Clarendon College is ahead of the game in positioning itself to meet higher education goals now being pursued by the State of Texas.
The Texas Higher Education Coordinating Board’s 60x30TX plan calls for 60 percent of the state’s 25- to 34-year-old population to hold a college certificate or college degree by 2030, and CC President Robert Riza was in Lubbock recently to help find ways to reach the state’s goal.
Also attending the meeting were representatives from Texas Tech University, West Texas A&M University, Amarillo College, Frank Phillips College, South Plains College, Midland College, and Odessa College. They were joined by Texas Higher Education Coordinating Board Commissioner of Higher Education Raymund A. Paredes and Assistant Commissioner Rex C. Peebles.

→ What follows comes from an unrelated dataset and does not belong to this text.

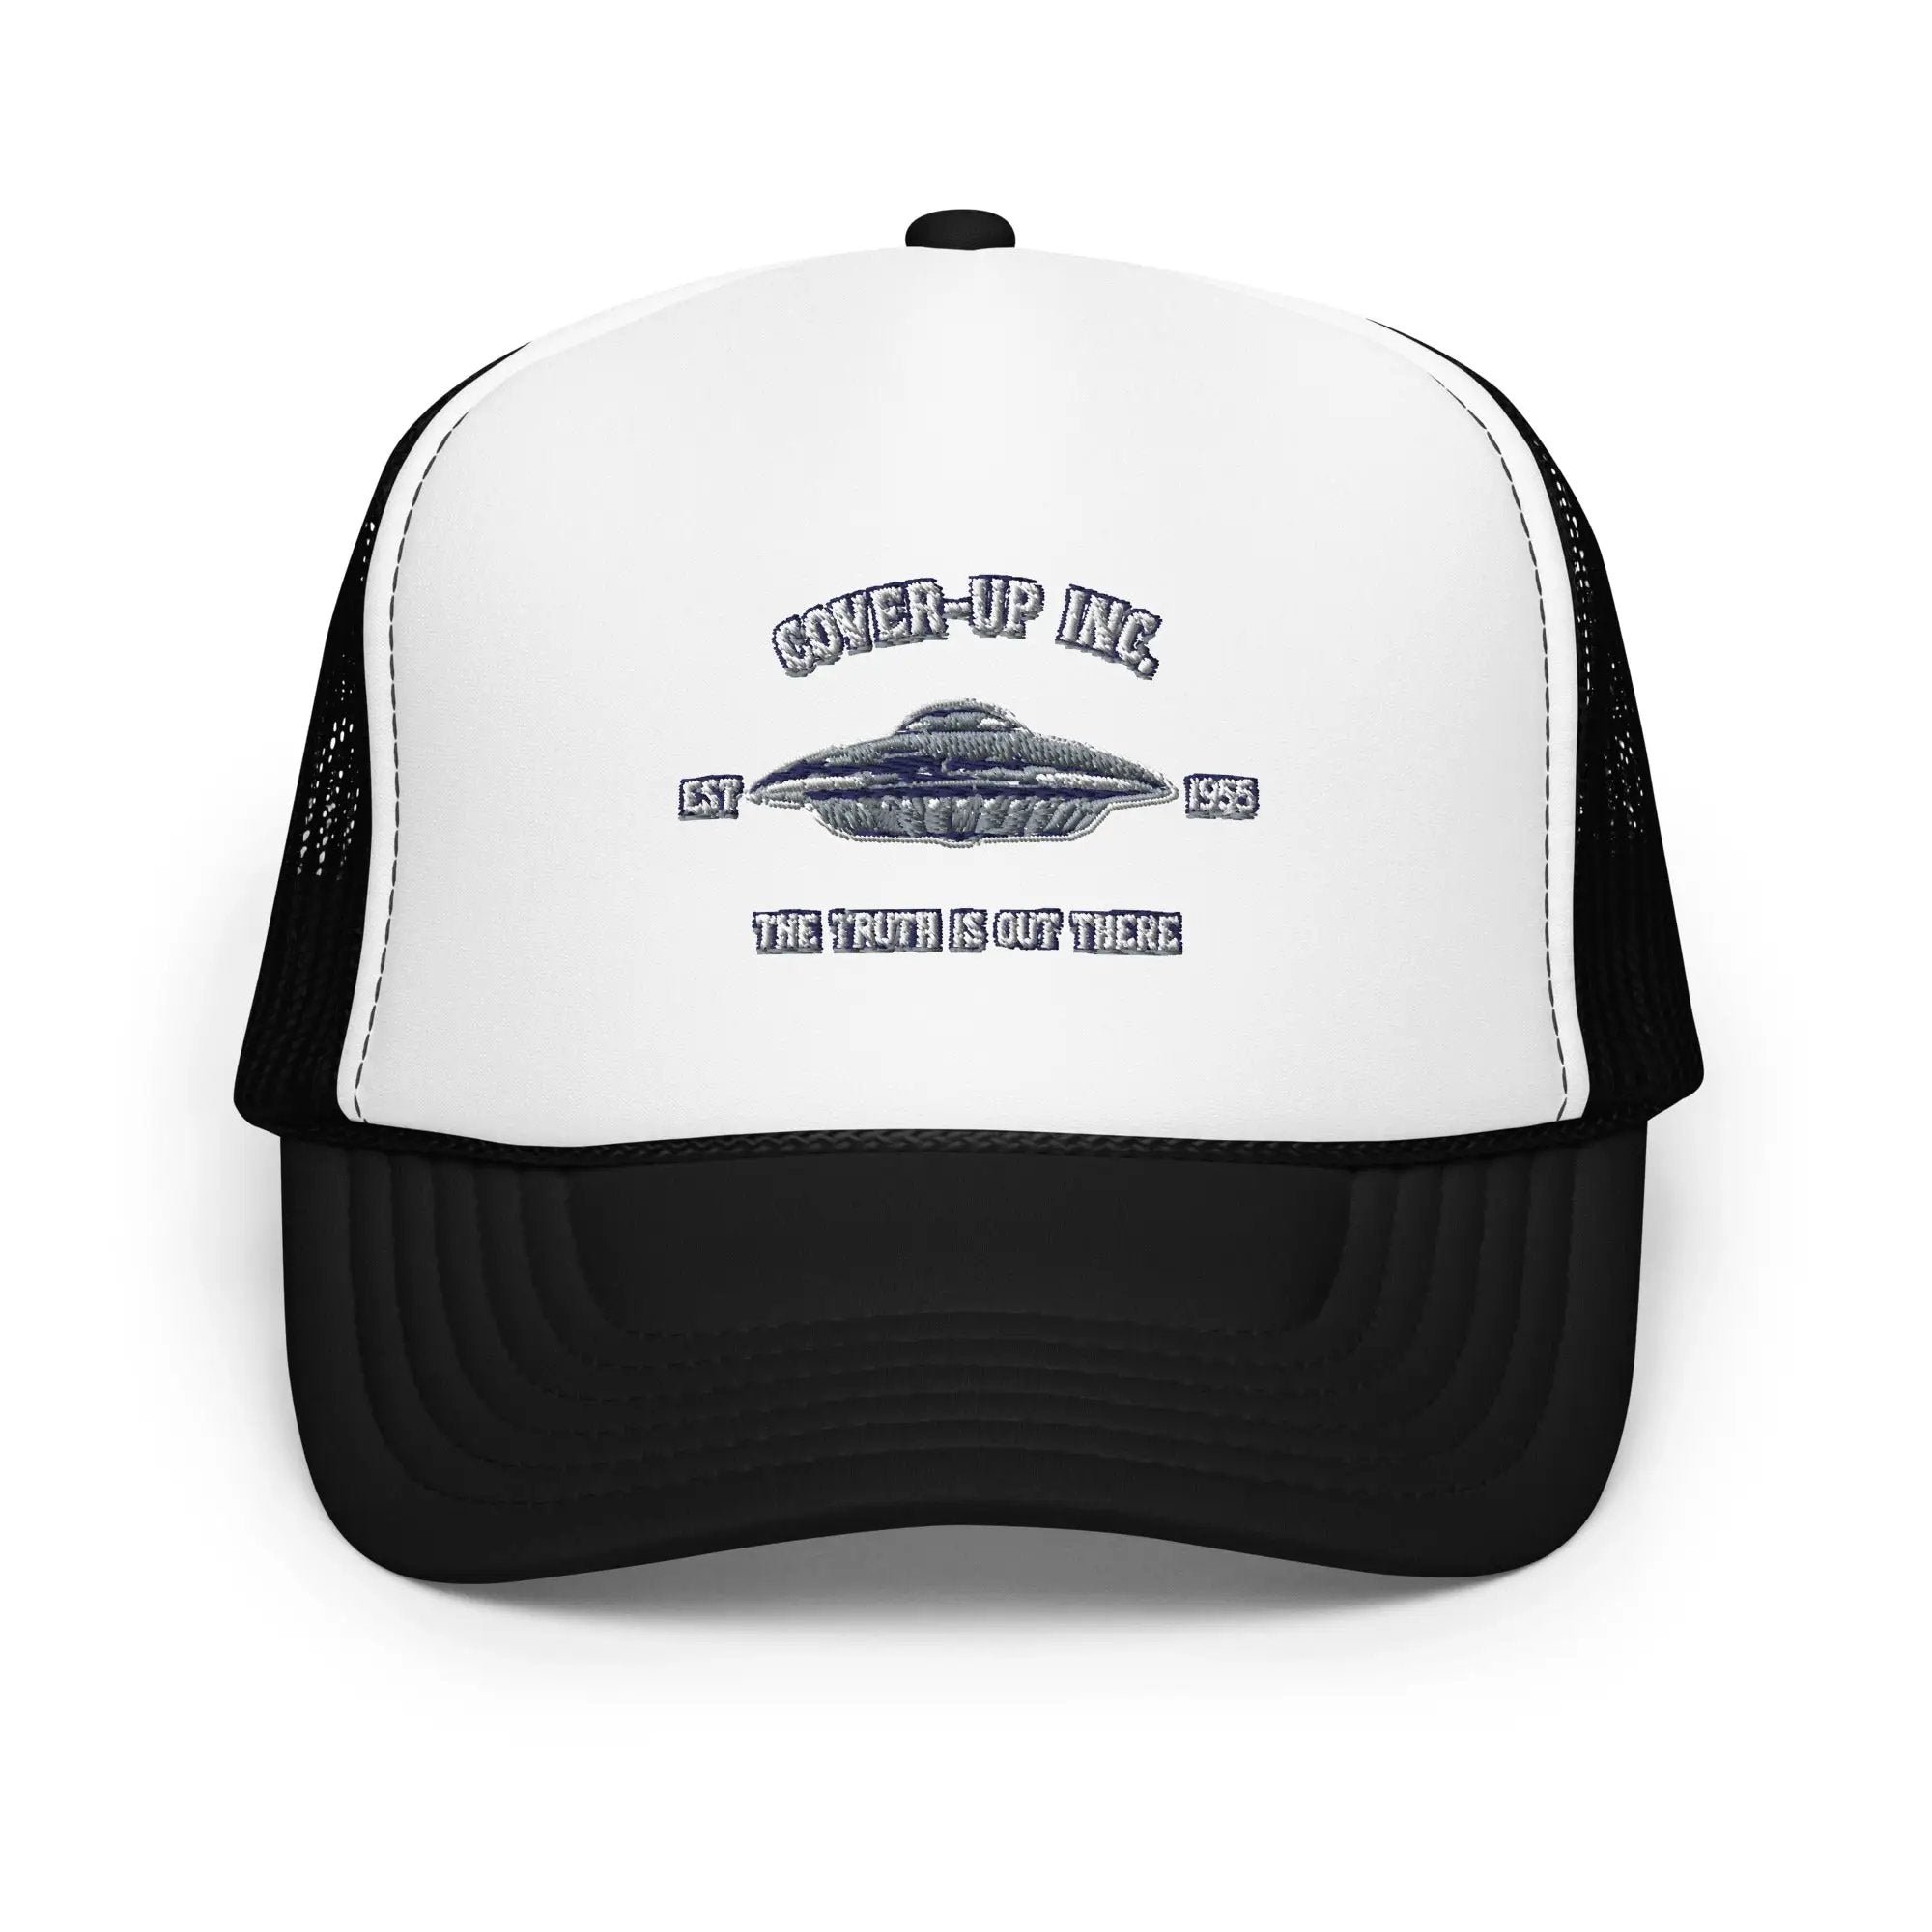 a white and black trucker hat with a black mesh back

“It was a good meeting,” Dr. Riza said, “and much of what we talked about will make it into Clarendon College’s next strategic plan. In fact, a lot of what we’re doing already aligns with these goals.”
The 60x30TX Plan, which is now in its second year, is broken into four distinct goals with the first being the overarching goal of having 60 percent the aforementioned age group holding a degree or certificate by 2030.
The second goal is for at least 550,000 students in 203 to complete a certificate, associate’s, bachelor’s, or master’s from a higher education institution in Texas.
The third goal focuses on making sure all graduates from Texas colleges and universities have marketable skills, and the fourth goal is for undergraduate student loan debt to not exceed 60 percent of first-year wages for graduates Texas public institutions.
The state’s 15-year plan is crafted to position Texans to benefit from the modern economy in which statistics show that workers with a high school diploma or less have seen virtually no growth in jobs. According to the Higher Education Coordinating Board, out of the 11.6 million jobs created in the post-recession economy, 11.5 million went to workers with at least some college education. Workers with an associate’s degree saw job growth of 3.1 million, but workers with a high school diploma or less grew by only 80,000 jobs.
CC is giving its students a head start toward advanced degrees through its collaborations with area school districts and programs that feed directly into four-year programs in health care professions and technical occupations, which are two areas that are seeing the second highest job growth in the nation.
Clarendon also has worked hard to get out in front of these trends, doubling dual credit enrollment in the CC service area since 2014, reducing the hours needed to complete a degree, and restructuring developmental education, Riza said.